TYPO3 Extension to load, transform and include XML
Pull request Compare This branch is 6 commits behind subugoe:master.
Fetching latest commit…
Cannot retrieve the latest commit at this time.
Failed to load latest commit information.
Classes
Configuration
Resources/Private
doc
.gitignore
Readme.rst
ext_emconf.php
ext_icon.gif
ext_localconf.php
ext_tables.php

Readme.rst

xmlinclude TYPO3 extension

A TYPO3 extension for loading and transforming XML that is inserted into a content element.

2012-2013 by Sven-S. Porst, SUB Göttingen <porst@sub.uni-goettingen.de>

If you have questions or remarks please send in comments or contribute improvements. You can fork the extension’s repository at github.

Requirements

To run this extension you need:

  • TYPO3 ≥ 4.6.4 (not tested on earlier versions)
  • Extbase/Fluid ≥ 1.4

Description

This extension enables inclusion of remote XML content into TYPO3 content elements. It does so in a 3 step process:

1. Fetch the data

The base URL data is fetched from can be set in the Plug-In’s FlexForm. The URL given there can be changed in two ways:

  1. a path given in the tx_xmlinclude_xmlinclude[URL] parameter will be appended to the base URL; when used with RealURL this can be appended to the page’s path
  2. parameters set in the plugin.tx_xmlinclude.settings.URLParameters TypoScript array will be merged into the existing parameters of the URL

By default fetching the file will fail if it cannot be parsed as XML. In case you want to fetch non-XML files like broken HTML, or JSON you can configure a more lenient or different parsing mode.

When a blank no URL is given, no data is loaded and XSL processing is started with a document containing just a »xmlinclude-root« node.

2. Transform the XML

After reading and parsing the data, it can be transformed by XSL stylesheets. Paths to those stylesheets are set in the plugin.tx_xmlinclude.settings.XSL TypoScript array. Stylesheets will be applied in the order of the keys in the array.

A scenario this works well for is the following: given an XHTML webpage you can supply a stylesheet which extracts the content you are interested in and removes the rest. Then you can apply another stylesheet which transforms the links inside the XHTML to links pointing to your TYPO3 page. This lets you include other web resources in the design and context of your web site.

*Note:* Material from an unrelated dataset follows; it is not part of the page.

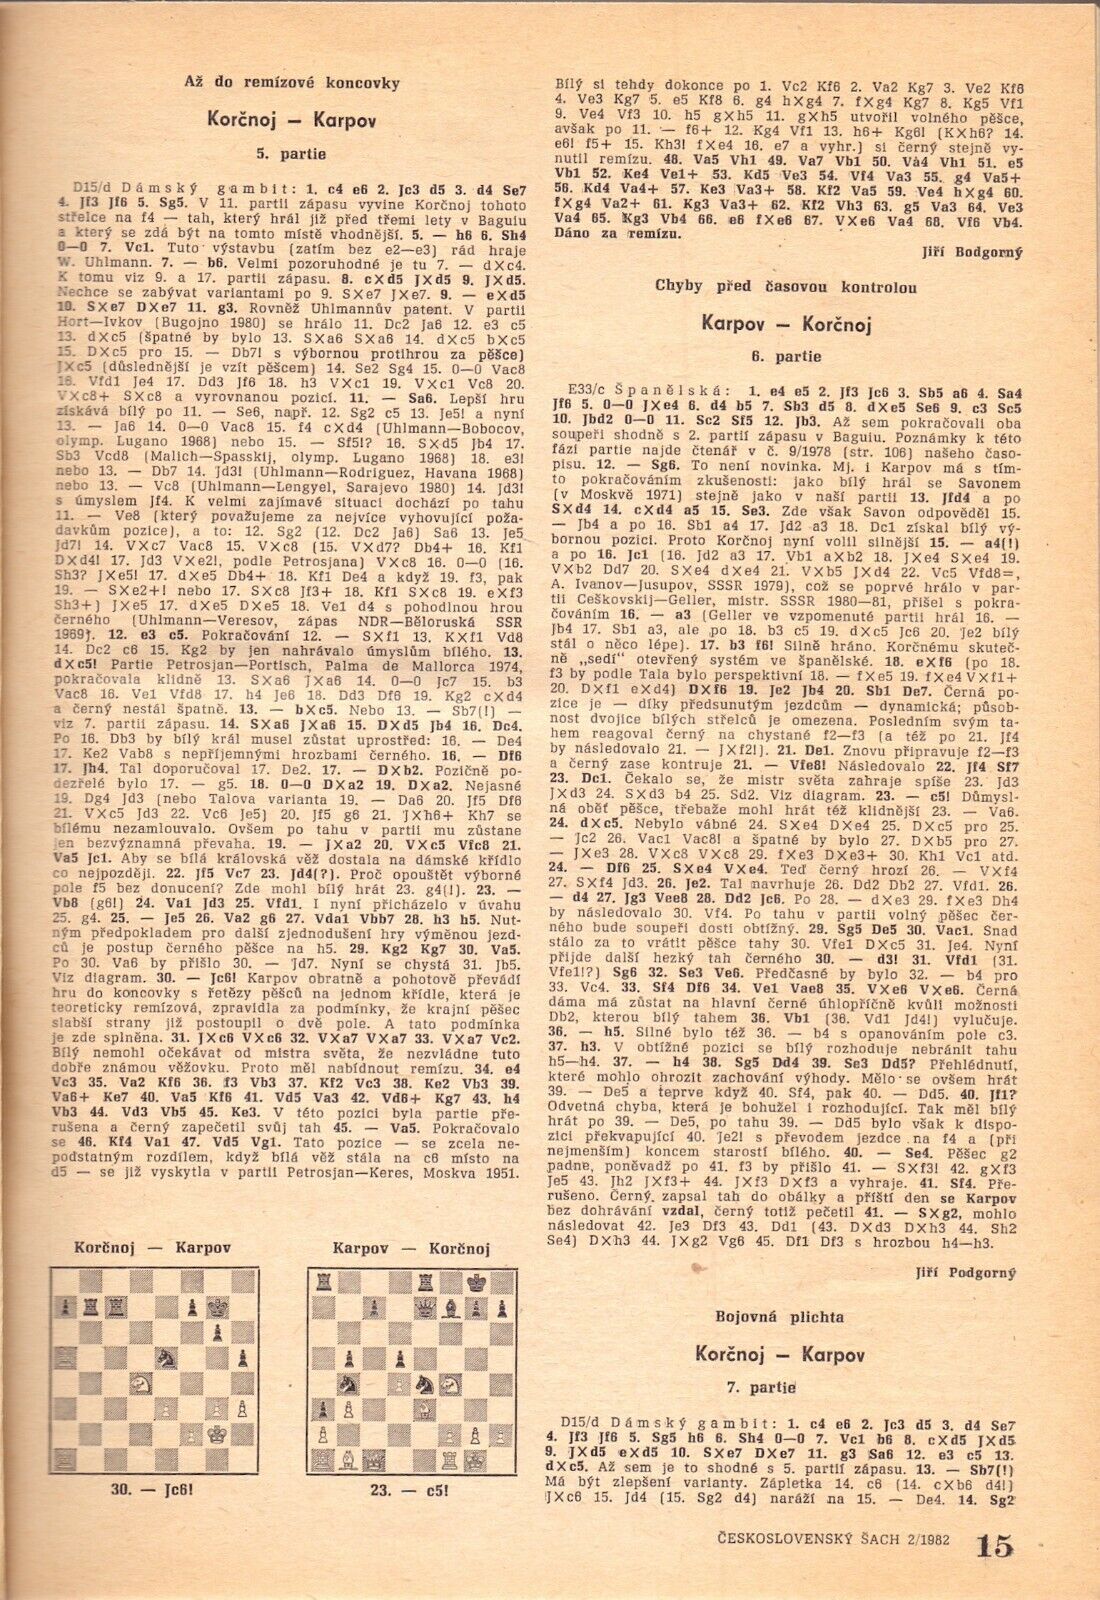 11262.Czech chess magazine «Československy šach». Annual sets 1981 and 1982

A facility to parse additional XML which may be entered by the user in a form field is provided as an XSL function. It is called like php:function('Tx_XMLInclude_Controller_XMLIncludeController::parseXML', string($xml-string))

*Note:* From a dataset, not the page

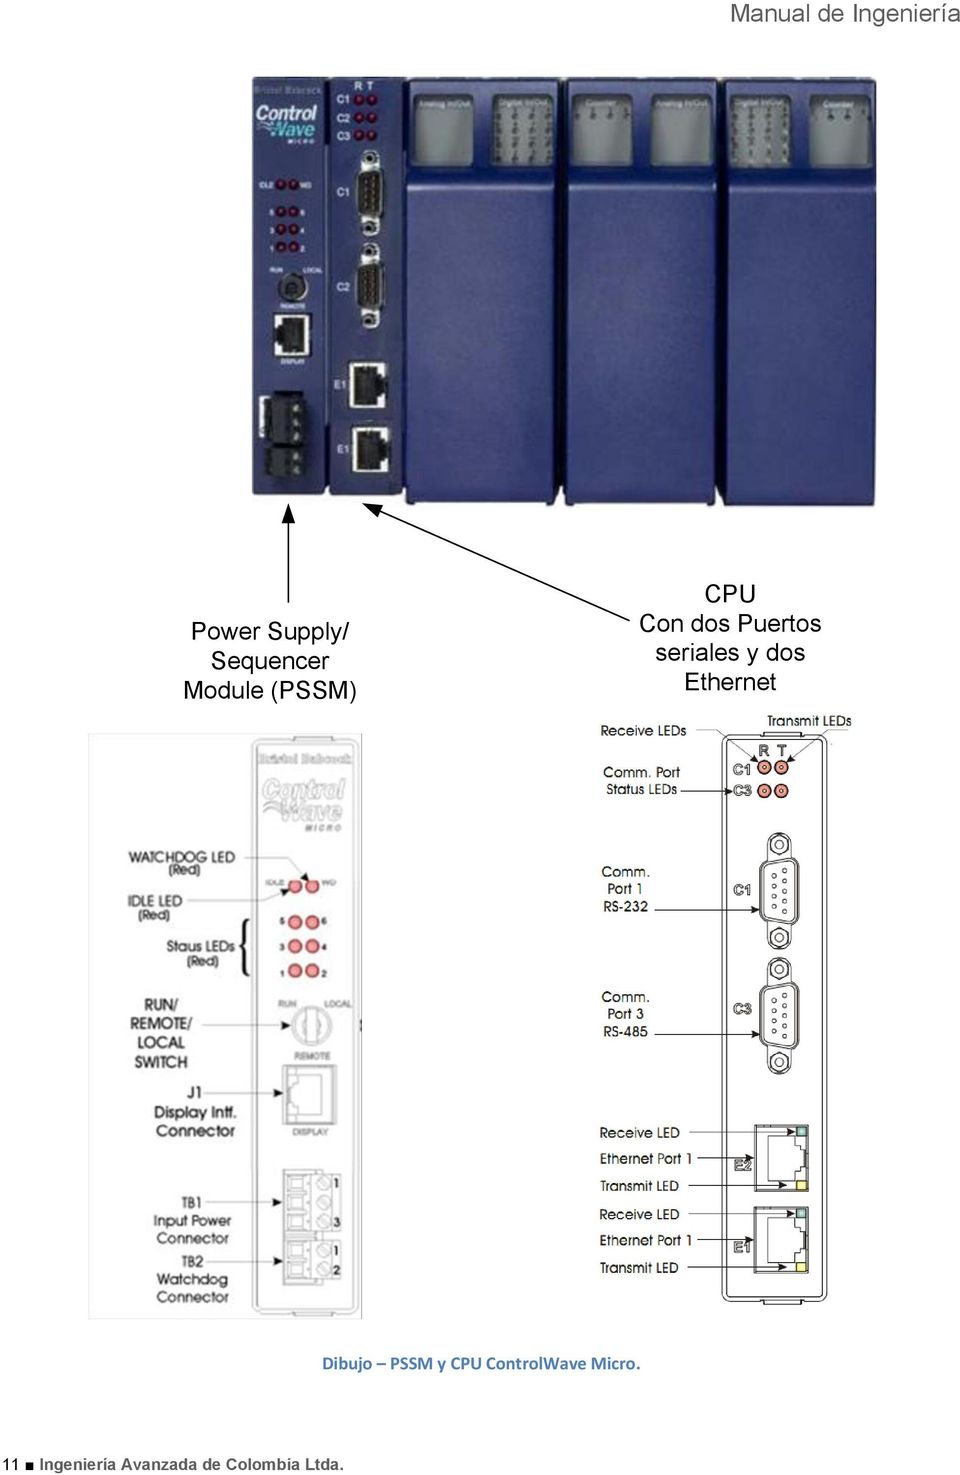 Ethernet Dibujo PSSM y CPU ControlWave

3. Insert the transformed XML into the web page

The xmlinclude content element creates a div.xmlinclude and puts the transformed XML in there. In case there were errors during the conversion h4.error and p.error elements are inserted at the beginning of that div to indicate the problem.

Usage

  • Include the »Include XML« content element in your page
  • Set the start URL for your page
  • Add the »xmlinclude Settings« template to your page
  • (if necessary) adjust the TypoScript settings for XSL conversion, CSS or JavaScript

Configuration

A number of settings can be adjusted with TypoScript values inside plugin.tx_xmlinclude.settings:

  • parser [xml]: The parse type used. Allowed settings are xml for proper XML parsing, html for unreliable HTML parsing which tolerates errors and json for JSON parsing followed by conversion to an XML document.
  • XSL [{50 = EXT:xmlinclude/Resources/Private/XSL/rewrite-urls.xsl}]: Array of paths of stylesheets that are applied to the downloaded XML. See below for a description of the stylesheet used in the default setting. All values set in TypoScript will be passed to the stylesheet as XSL parameters.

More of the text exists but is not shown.